Yay yay yay! I'm an actual author now an' I can get money for the story I wrote an' everything! I'm so happy!

OK, but seriously, buy my book. This is probably the only time I'll be shamelessly and unapologetically pimping for myself, because now there's a link to buy it over in yonder sidebar. (Please buy my book!)

Wednesday, January 27, 2010

It's a particularly French flavor of boredom.

My inspiration has been severely inadequate this past month. I desperately hope this has gone largely unnoticed, but I don't wanna kid myself. I've been trying to make myself keep writing, but everything I write just looks like shit to me.

So: new plan! Since I am by nature a compulsive writer, and typically can't not write, I am going to take my best friend's suggestion and try to recharge my creativity batteries - I shall accomplish this by not writing anything at all for an entire week. I don't know if I can go that long without saying something about something. I mean, I have the internet, and the State of the Union Address is tonight. There will be no shortage of things to write about! But seven days from today, I should be chomping at the bit to just get my opinion out there, rather than getting depressed over my complete inability to articulate an idea in a persuasive or interesting manner.

Wish me luck!

Monday, January 25, 2010

Poison for Your Brain: The Stupid, It Burns (from both barrels)!
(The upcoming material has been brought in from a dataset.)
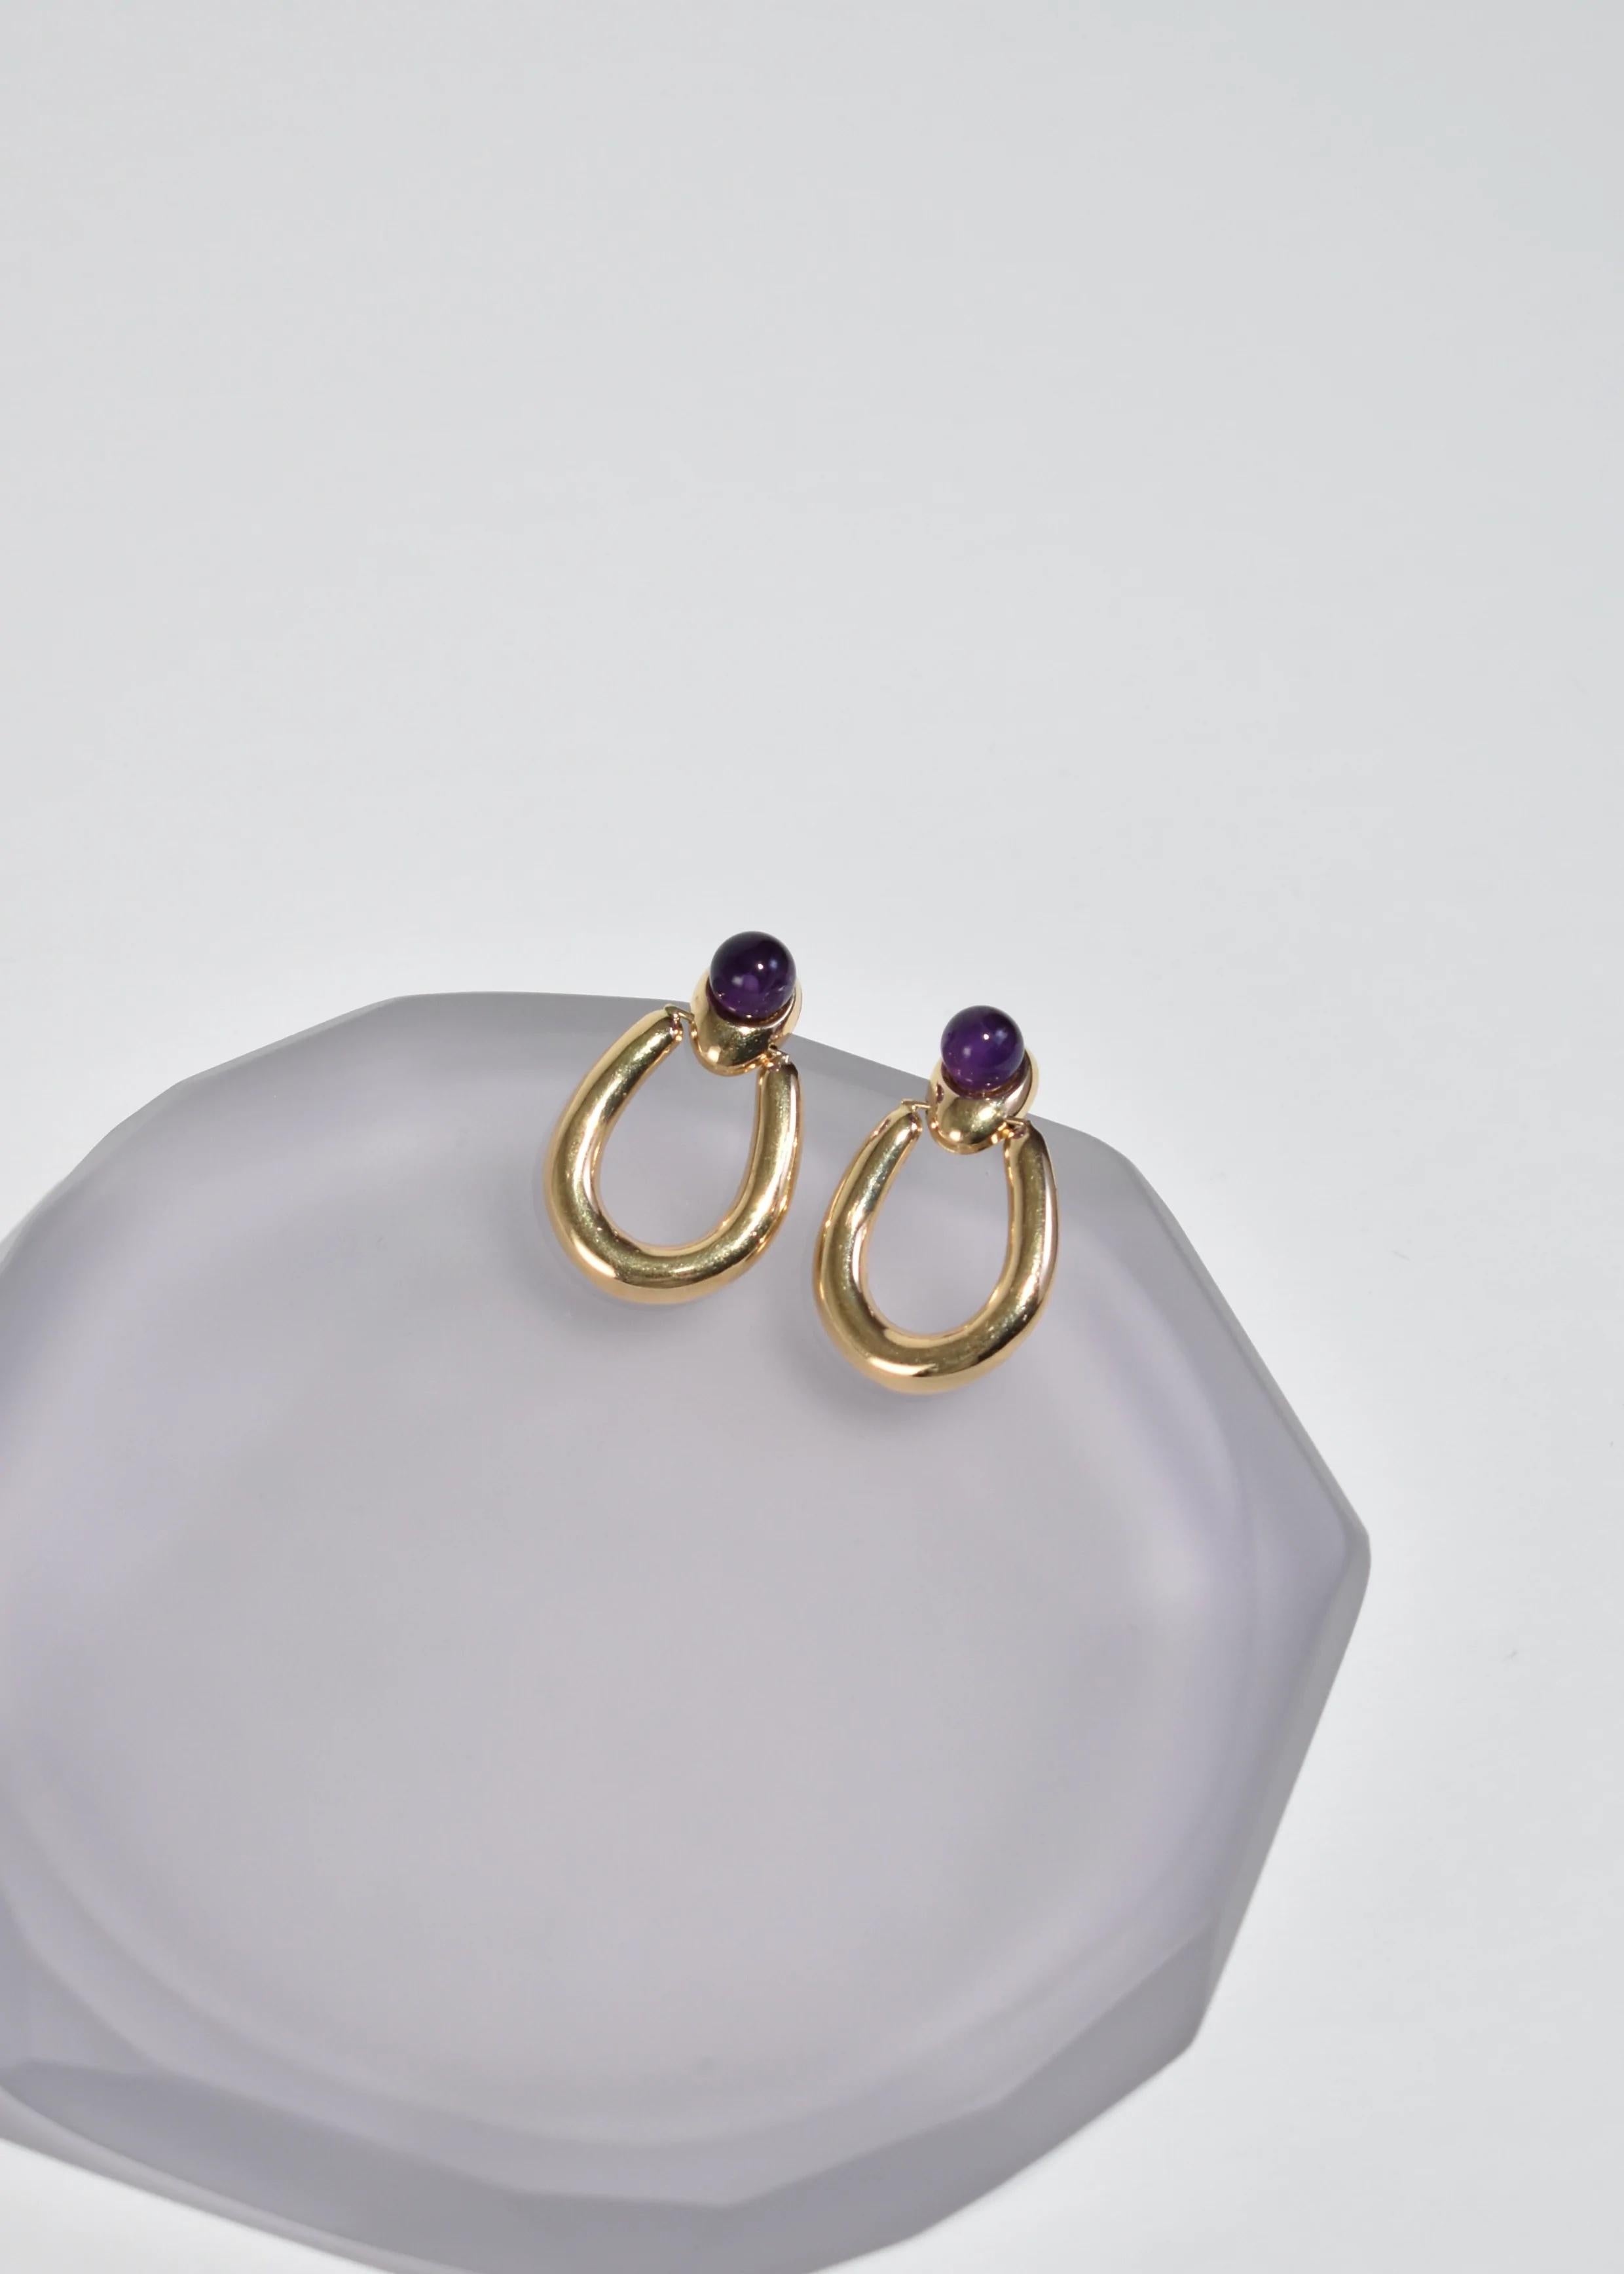 Cabochon Gold Amethyst Earrings For Sale

So I skimmed over PZ's take on Adams' childish whining, but then Rhodopsin sent me Orac's scathing excoriation and I just had to read up. I even gave Natural News my e-mail address just so I could see the whole damn thing.

This is Poison for Your Brain, and not something serious like, uhh... something... else... so I'm just going to up & say that this guy's showing more ego defenses than Jessica Rabbit shows leg. (Pro Tip: that would be, like, all of them.) Can we go through the list? I think we can!

We've got delusional projection, denial, distortion, maybe splitting (that one's a bit more of a stretch); the whole article is a case in acting out, there's clearly some fantasy at work, I'll give him a free pass on idealization and passive aggression (since I took splitting and I'm already a little stretched); actual projection, and this is not a joke, we can see the jealousy and injustice collecting common to any martyr complex and/or motivated troll; I'll give him another pass on projective identification and somatization because I don't care to play doctor that seriously with him; OK, I guess that's it, actually. The neurotic defenses are missing, as far as I can tell, and the mature defenses are also completely absent.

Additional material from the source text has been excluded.